Twenty-seven faculty members from 20 disciplines are serving as tutors. Some tutorials are held in person on campus, while others are conducted virtually to accommodate students who are learning from locations spread across 12 time zones.

Regardless of when or where the tutorials are held, Cullison was determined to create the sort of community expected at a liberal arts institution.

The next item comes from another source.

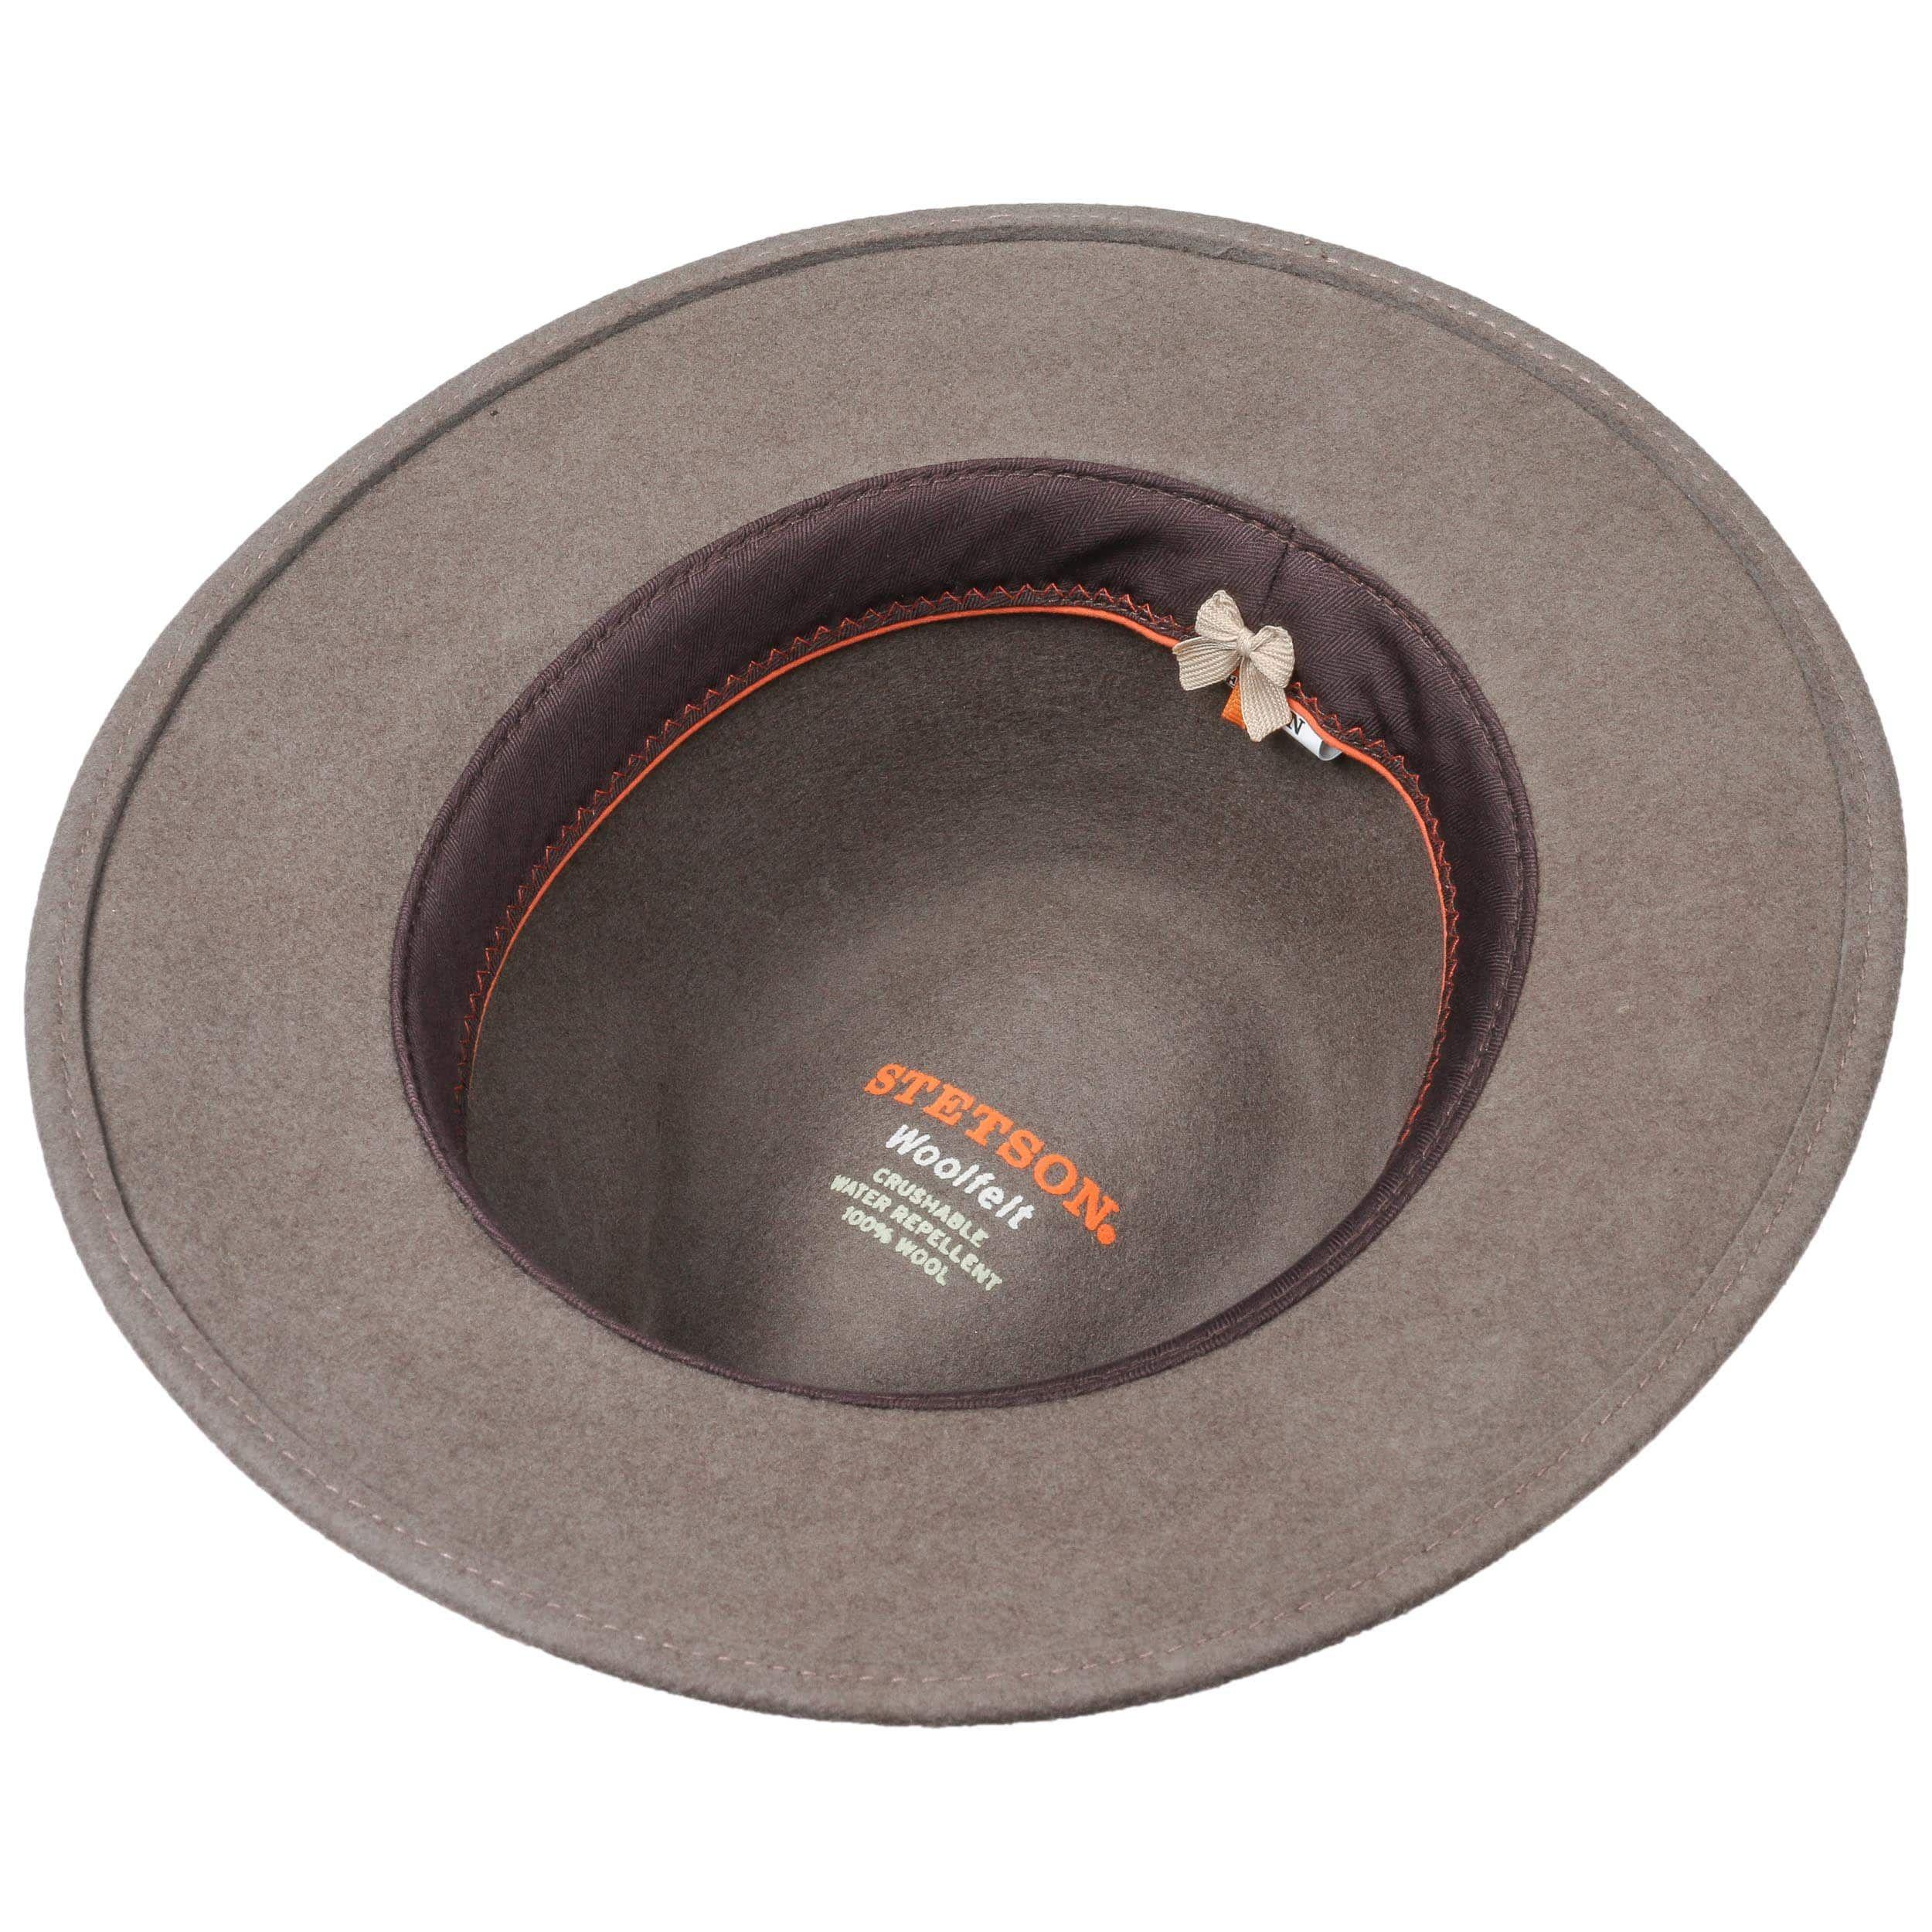 Parlesto Traveller Wool Felt Hat taupe
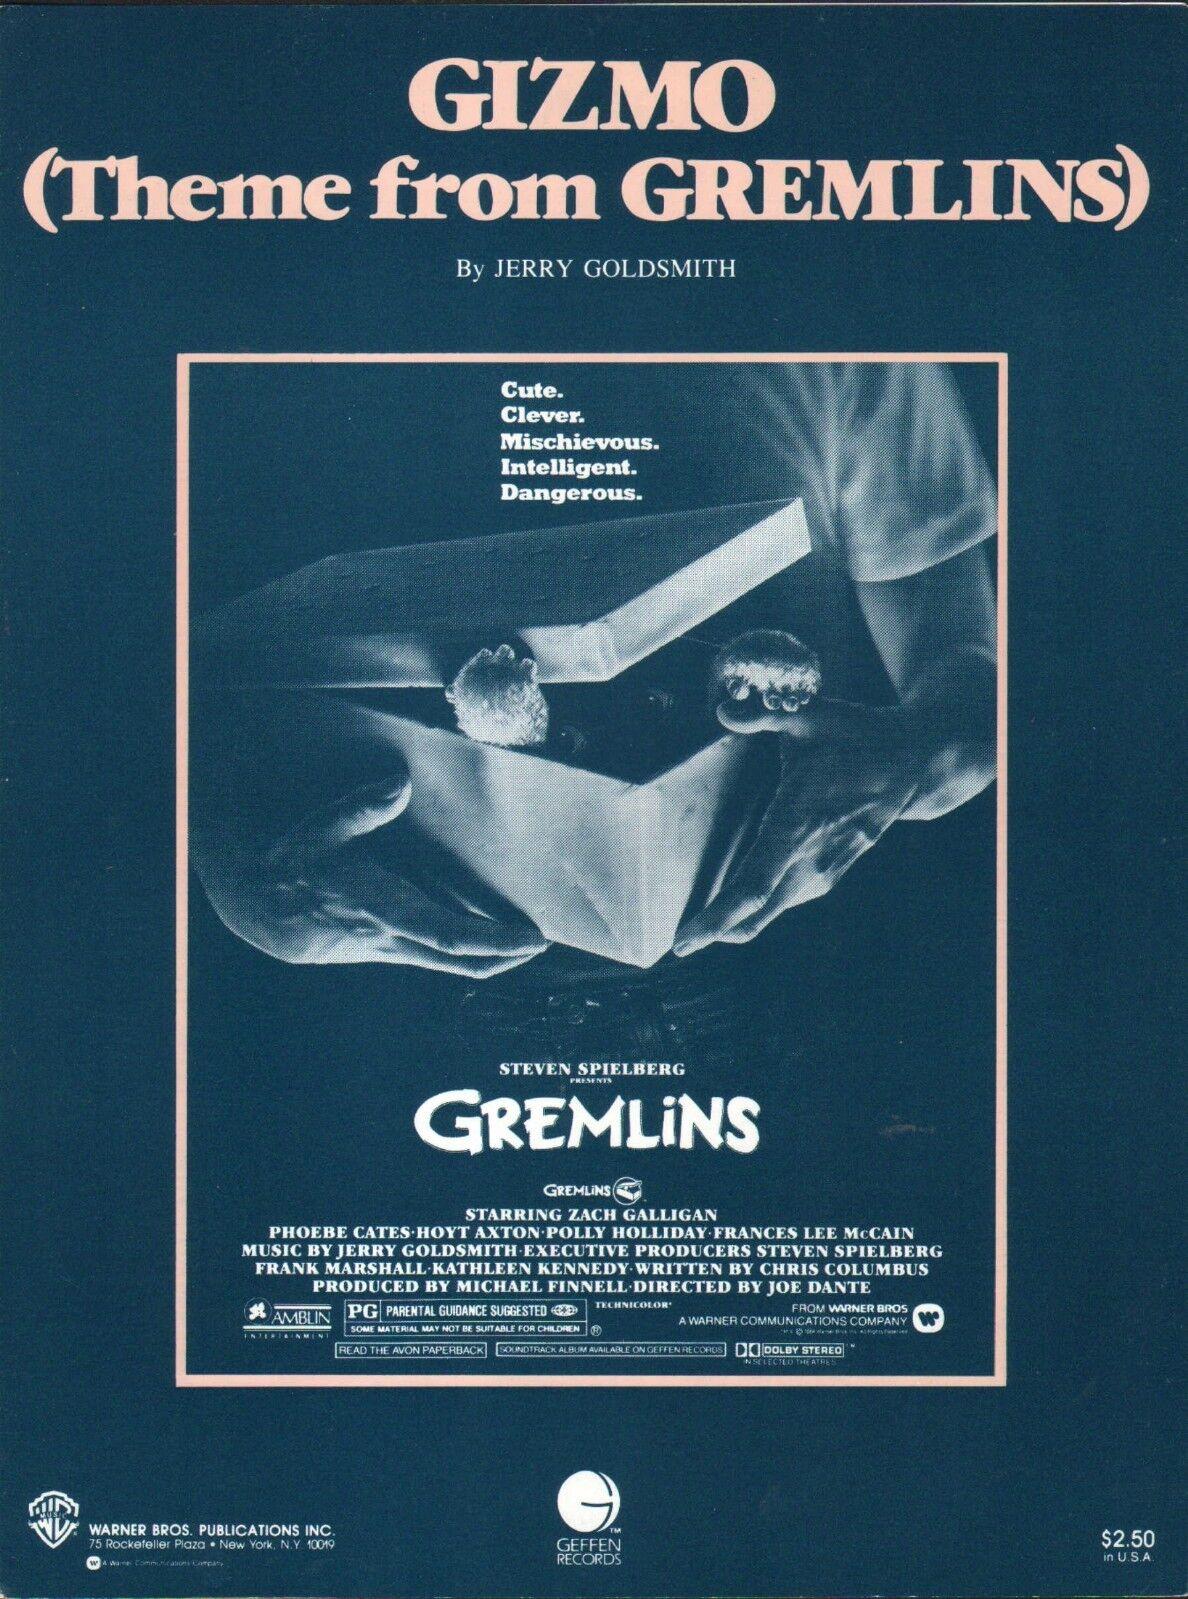 Gizmo 1985 GREMLINS Movie JERRY GOLDSMITH Sheet Music

To that end, he created a website, The Tigers’ Den, which is similar to Facebook or Twitter and encourages interaction and participation by the students, who use it both to meet course requirements and to have fun.

“My two main goals for the course was to do something where we can build some kind of community of learners, and my hope was that this website would help do that,” Cullison said. “Two, make sure that they have something like the classical liberal arts experience, even though it’s online, and my hope is that the Oxford-style tutorials provide them with that. …

“Looking to the future, I think DePauw might be on to something in terms of how we can creatively engage students in an online environment but in a way that’s faithful to the liberal arts tradition. Particularly if (epidemiologist Anthony) Fauci is right and things aren’t going to feel like normal until the end of 2021, we may have to be thinking creatively about how we do this kind of work online and this might be a way to do it.”